BEGIN Records shown

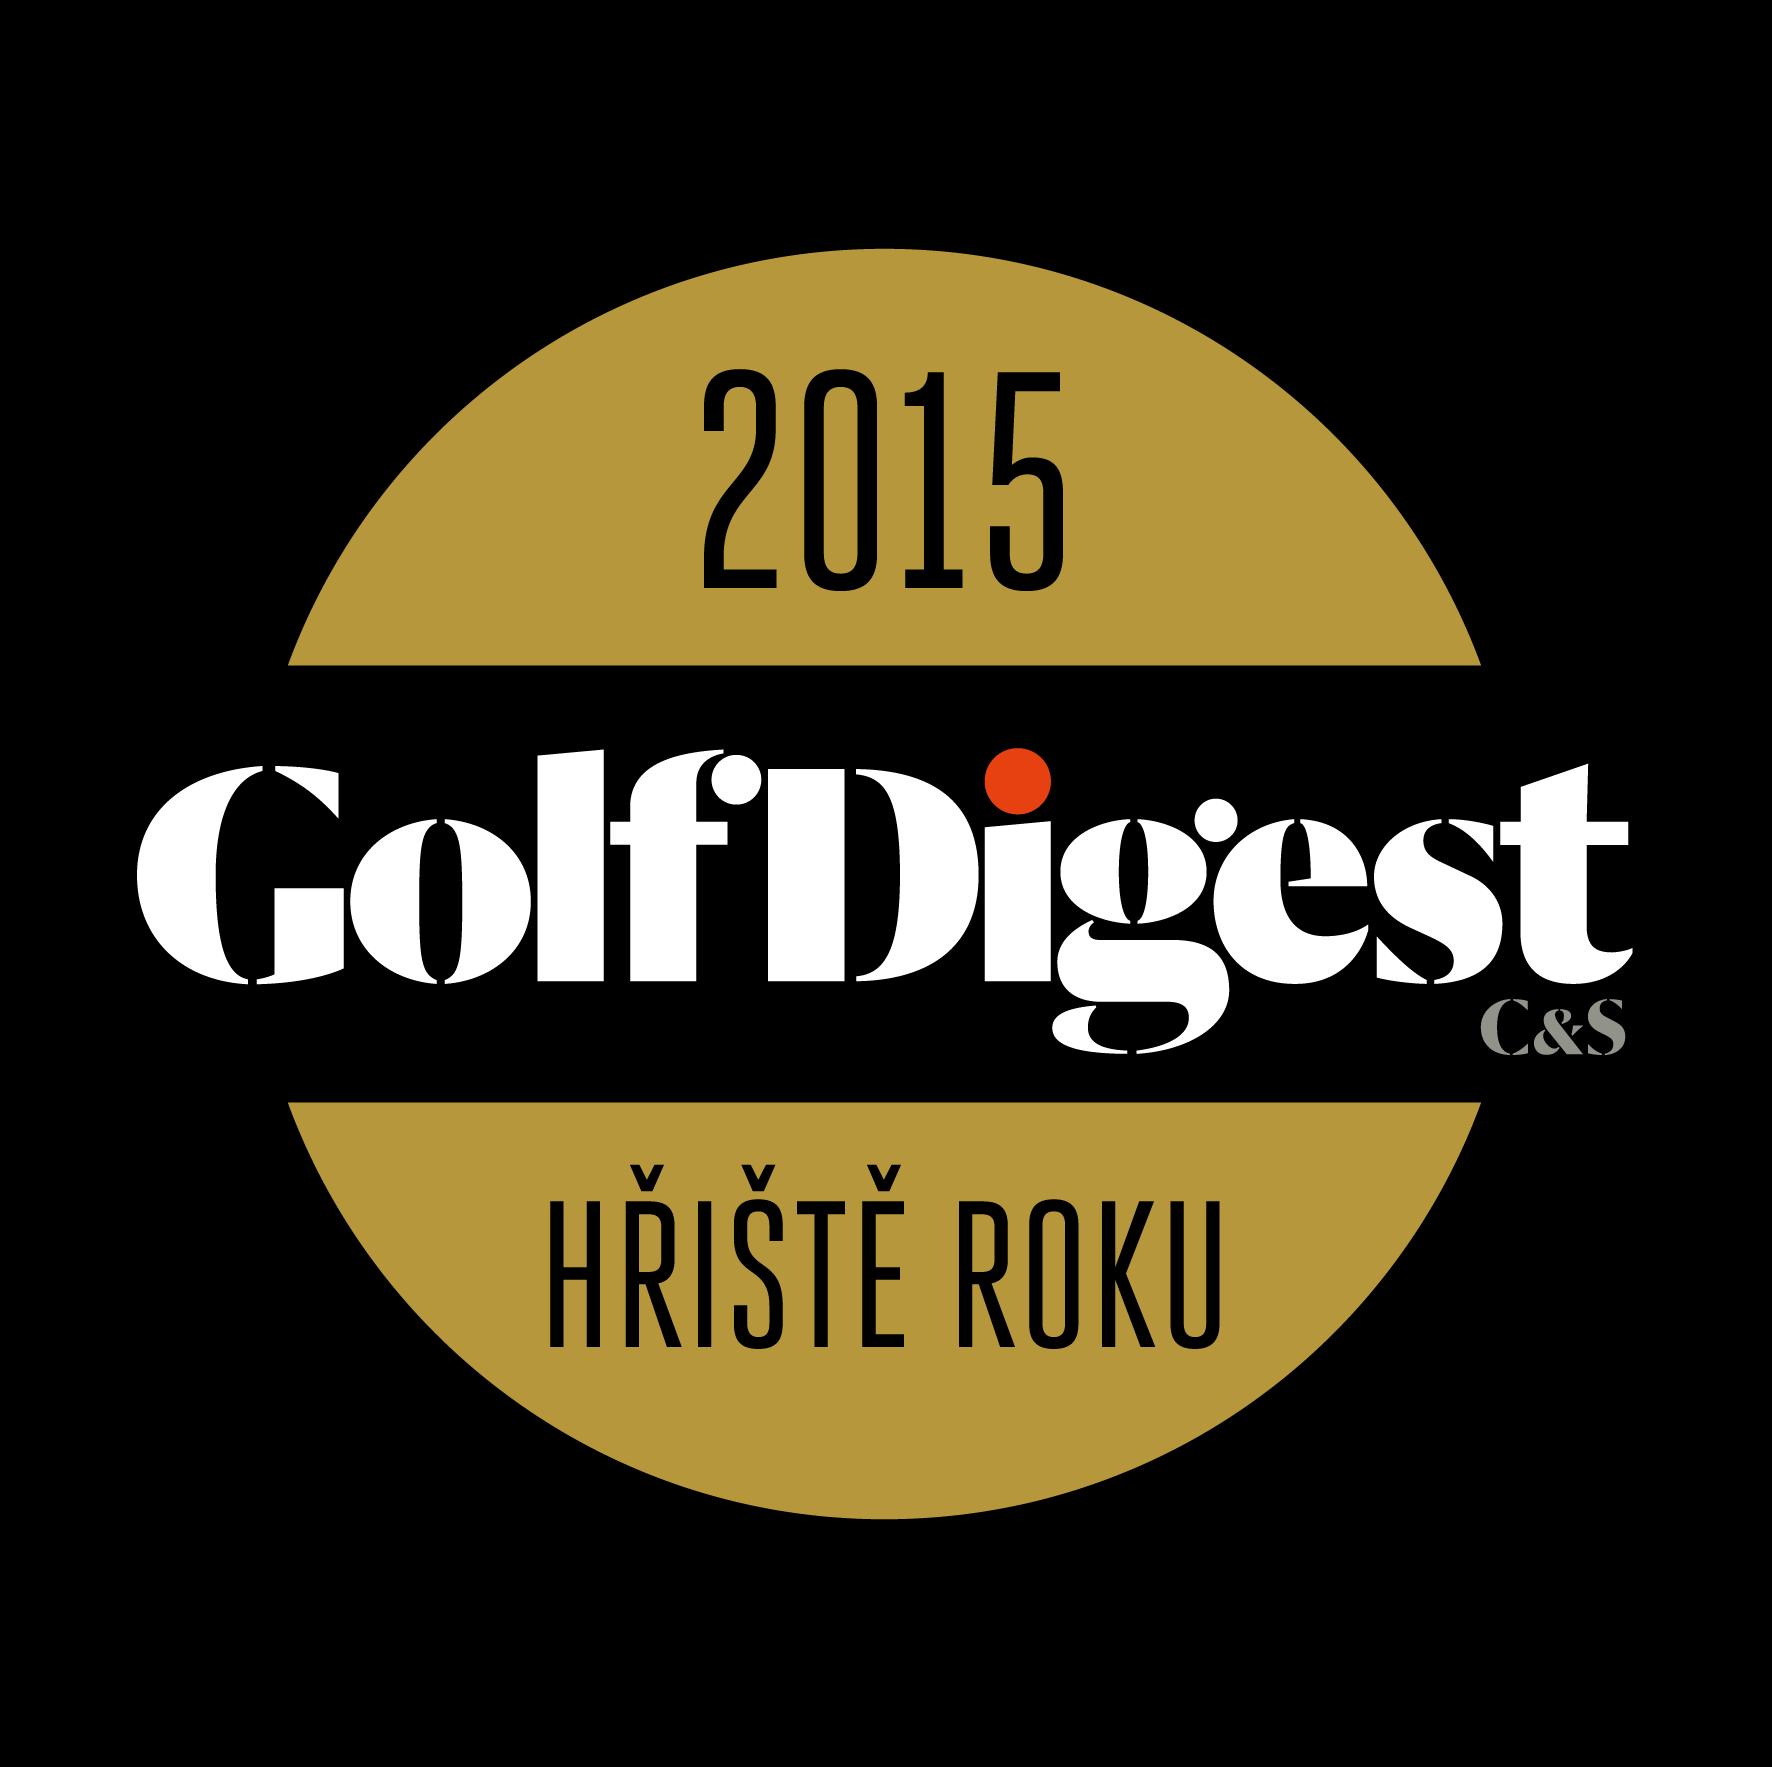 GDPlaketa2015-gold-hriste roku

END Records shown
BEGIN Records shown

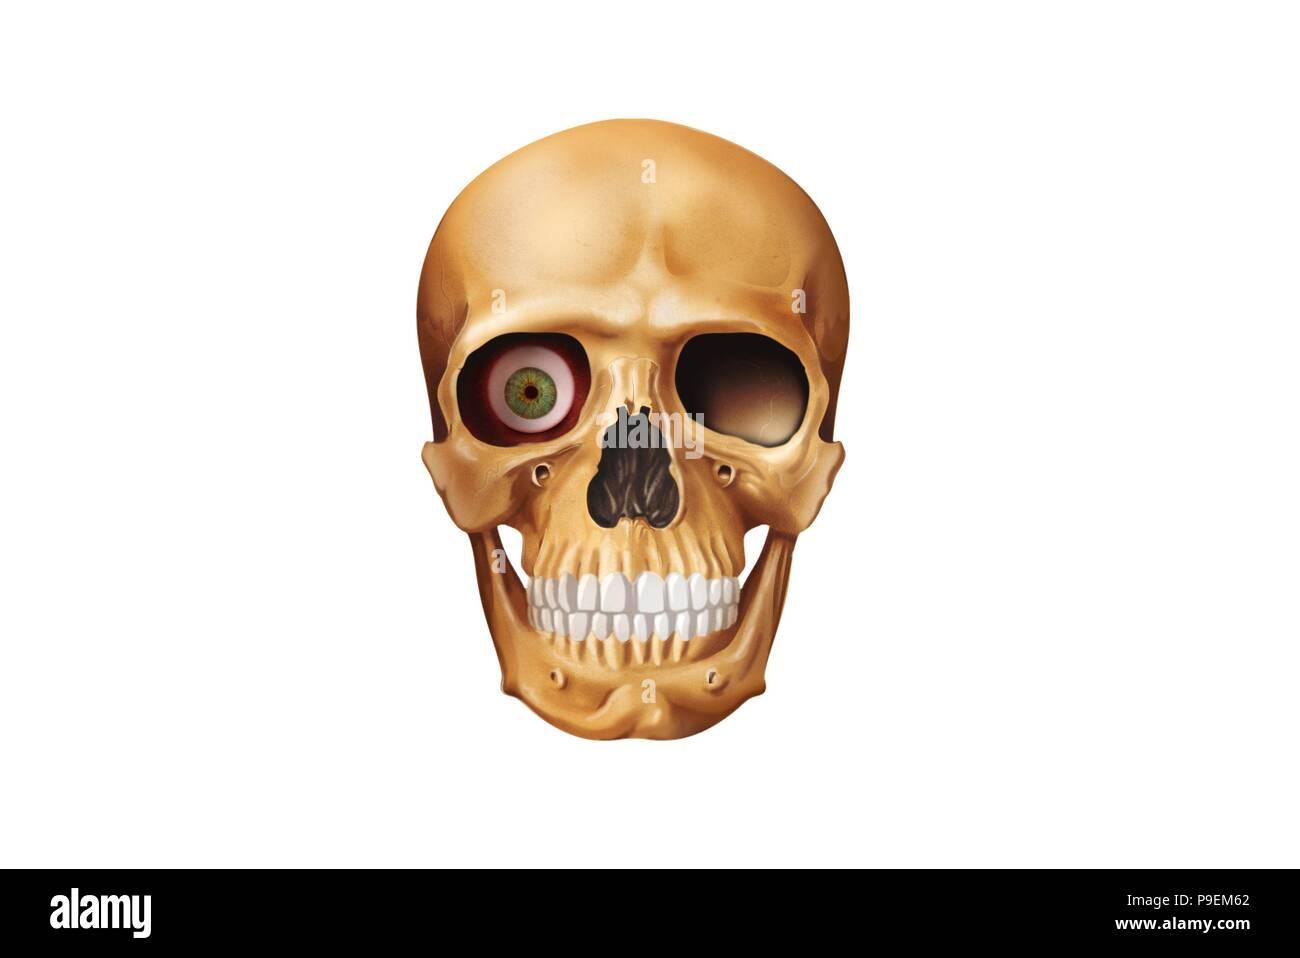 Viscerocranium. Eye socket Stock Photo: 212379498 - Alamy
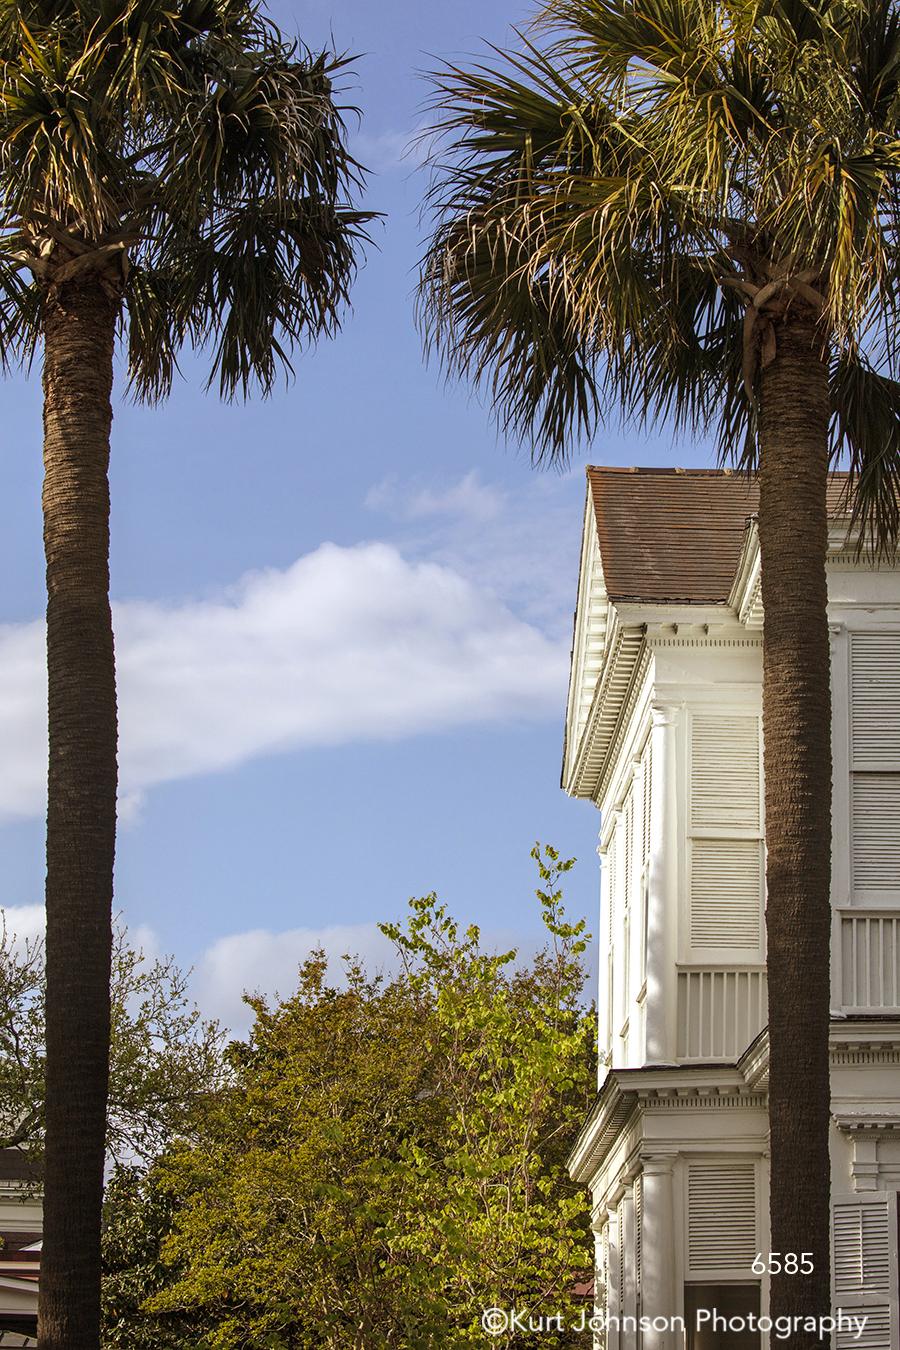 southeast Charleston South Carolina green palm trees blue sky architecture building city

END Records shown

__Your goal__
Pictures in the entries do not go into the copy. Print only the lines starting at the one containing "Viscerocranium. Eye socket" and ending at the one containing "southeast Charleston South", exactly as they appear.

__Exercise answer__
 Viscerocranium. Eye socket Stock Photo: 212379498 - Alamy
 southeast Charleston South Carolina green palm trees blue sky architecture building city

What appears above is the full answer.